Additionally, more-invasive neurostimulation techniques such as intracerebral electrical stimulation or optogenetics can be used to deliver MBS, especially considering that interbrain synchrony is not unique to humans, but also occurs in other species [10,11]. This approach would lead to a significant gain of spatial specificity with respect to the targeted neural network and cellular type, thus overcoming a well-known limitation of noninvasive transcranial stimulation protocols such as tACS. Of note, one recent study demonstrated that separate cellular populations within the rodent prefrontal cortex, preferentially encoding either one’s own behavior and that of a social partner, differentially contribute to interbrain synchrony [11].

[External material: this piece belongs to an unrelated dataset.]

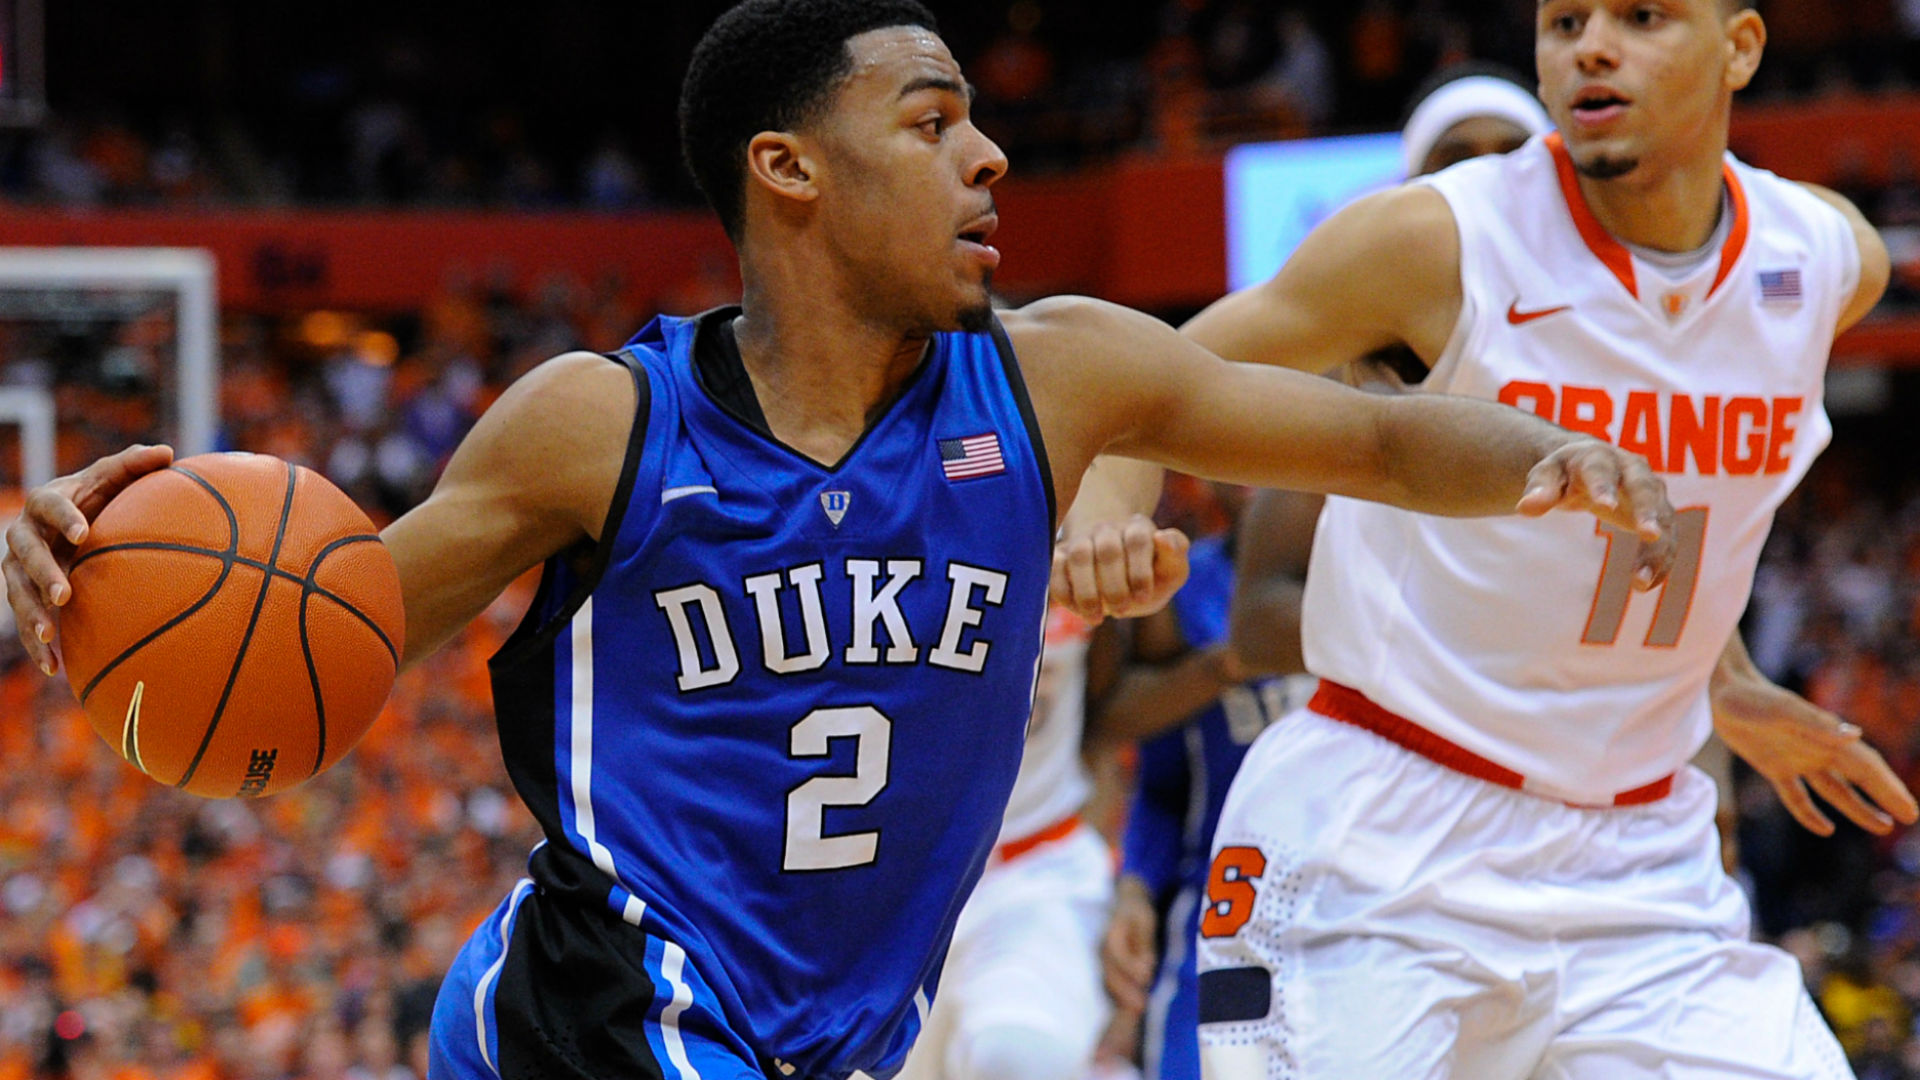 NCAA Tournament odds - Kentucky well ahead of second favorite Duke

Combining Hyperscanning with MBS
A final exciting prospect that we wish to highlight is the possibility to combine MBS and hyperscanning. This approach is particularly fruitful because MBS and hyperscanning offer complementary rather than alternative advantages. Specifically, hyperscanning is necessary to identify the social behaviors associated with interbrain synchrony in the context of naturalistic and unrestricted social interactions. Next, MBS should be used to simulate such interbrain synchrony exogenously, and thereby quantitatively measure its effects upon social behavior. Intriguingly, hyperscanning and MBS might be used simultaneously if one wished to assess whether interbrain synchrony has really occurred following MBS.
Concluding Remarks
Although the use of hyperscanning is central to investigate the neurophysiology of social interactions, MBS offers the only validated empirical approach capable of teasing apart the mechanistic from the epiphenomenal interpretation of interbrain synchrony. Turning the insights achieved through hyperscanning from correlational to causal, MBS is likely to lead to a paradigm shift in social neuroscience. We have described multiple ways how this could be achieved. We forecast that the implementation of MBS, alone or combined with hyperscanning, will yield ground-breaking discoveries in the coming years.
Acknowledgments
We thank R. Somervail, R.J. Bufacchi, Y. Guo, A. Fitzpatrick, A. Koul, and D. Ahmar for useful comments on a previous version of this manuscript. GDI acknowledges the support of the Wellcome Trust (COLL JLARAXR) and of the European Research Council (Consolidator Grant PAINSTRAT).
Contributor Information
Giacomo Novembre, Email: giacomo.novembre@iit.it.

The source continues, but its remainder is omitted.